Malkiat S. Dhami's face gets serious as he and his brother argue for a moment about the temperature in one of the rooms of their new hotel.
"Sixty-eight is good," the 66-year-old Carson City businessman says. "Seventy is too hot."
His brother, Baldev Singh, concedes the point later as Dhami shows that the hallways are six feet wide, instead of the normal five.
"When a guest come in," Singh says, "he should feel comfortable."
But this attention to detail and aspiration of Dhami's has helped Sikhs including him succeed in business and come to own about a quarter of Carson City's hotels and motels.
Dhami, who built and owns the Holiday Inn Express in Carson City, showed off his new 98-room Holiday Inn Express hotel, 2375 Market St., in Reno on Wednesday, pointing out everything from a water sculpture in the lobby to the ice machines in the hallways.
He now plans to develop 11 acres by his Carson City hotel and is building a new Holiday Inn Express in Minden.
Dhami, who wears a turban and long white beard, said the Holiday Inn company is happy with him.
"They say, 'We should give more franchises to you!'" he said. "'This is nicely built!'"
Hard work is part of the Sikh culture, he said, and it is what first brought him to Carson City in 1996 when he bought the Carson City Inn after searching for months in several states.
Carson City is a friendly city and he likes it, he said, pointing to how people were understanding after the 2001 terrorist attacks when he explained in the Nevada Appeal what other Sikhs could tell by looking at him.
"They know from my face I'm from the Punjab state," he said.
Punjab is a region in India where the majority of the 23 million Sikhs in the world live. Sikhism is a monotheistic religion that has about 100,000 followers in the United States.

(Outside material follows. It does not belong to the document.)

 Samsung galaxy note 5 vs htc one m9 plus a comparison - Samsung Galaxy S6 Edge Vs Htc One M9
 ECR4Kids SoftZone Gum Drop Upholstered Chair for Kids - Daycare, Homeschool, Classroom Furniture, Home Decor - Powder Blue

Men are often recognizable by their turbans and long beards.
Those beards help Carson City's Sikhs often win awards in the Nevada Day Beard Contest in the whitest and blackest categories.
Kulwant Singh Mand, owner of Americas Best Value Inn and the Quality Inn, said God has given him a good life and he should take advantage of that.
"I don't just think someone will give me money and I'll eat that," he said.
But Mand, who wore a white baseball cap on top of his turban Thursday, said Sikhism followers respect other religions and oppose violence like their God expects them to do.
"He makes everybody," he said. "He makes black, he makes white, he makes Indian."
His 35-year-old son, Golden Singh Mand, said his family has been in Carson City for 10 years and people have always been respectful to them.
"I've never have to explain to anybody who I am," said Mand, who is less orthodox than his father and does not wear a beard or turban.
Rosy Sandhu, who owns the Super 8 motel with her husband, Jessi Sandhu, said many of the 10 to 15 Sikh families in Carson City help each other, even though they didn't meet until they came to America.
Business is a little slower this year, she said, but she's happy she can be with her husband and children, who respect the Sikh culture.
She wears a necklace with Sikh symbols that many other Sikhs wear as a sign of religious observance.
"When I die, this goes with me," she said.
The business the Sikhs do in Carson City is best if he can help positively develop the city, Dhami said, and residents are starting to see that.
"People have a good feeling for us," he said.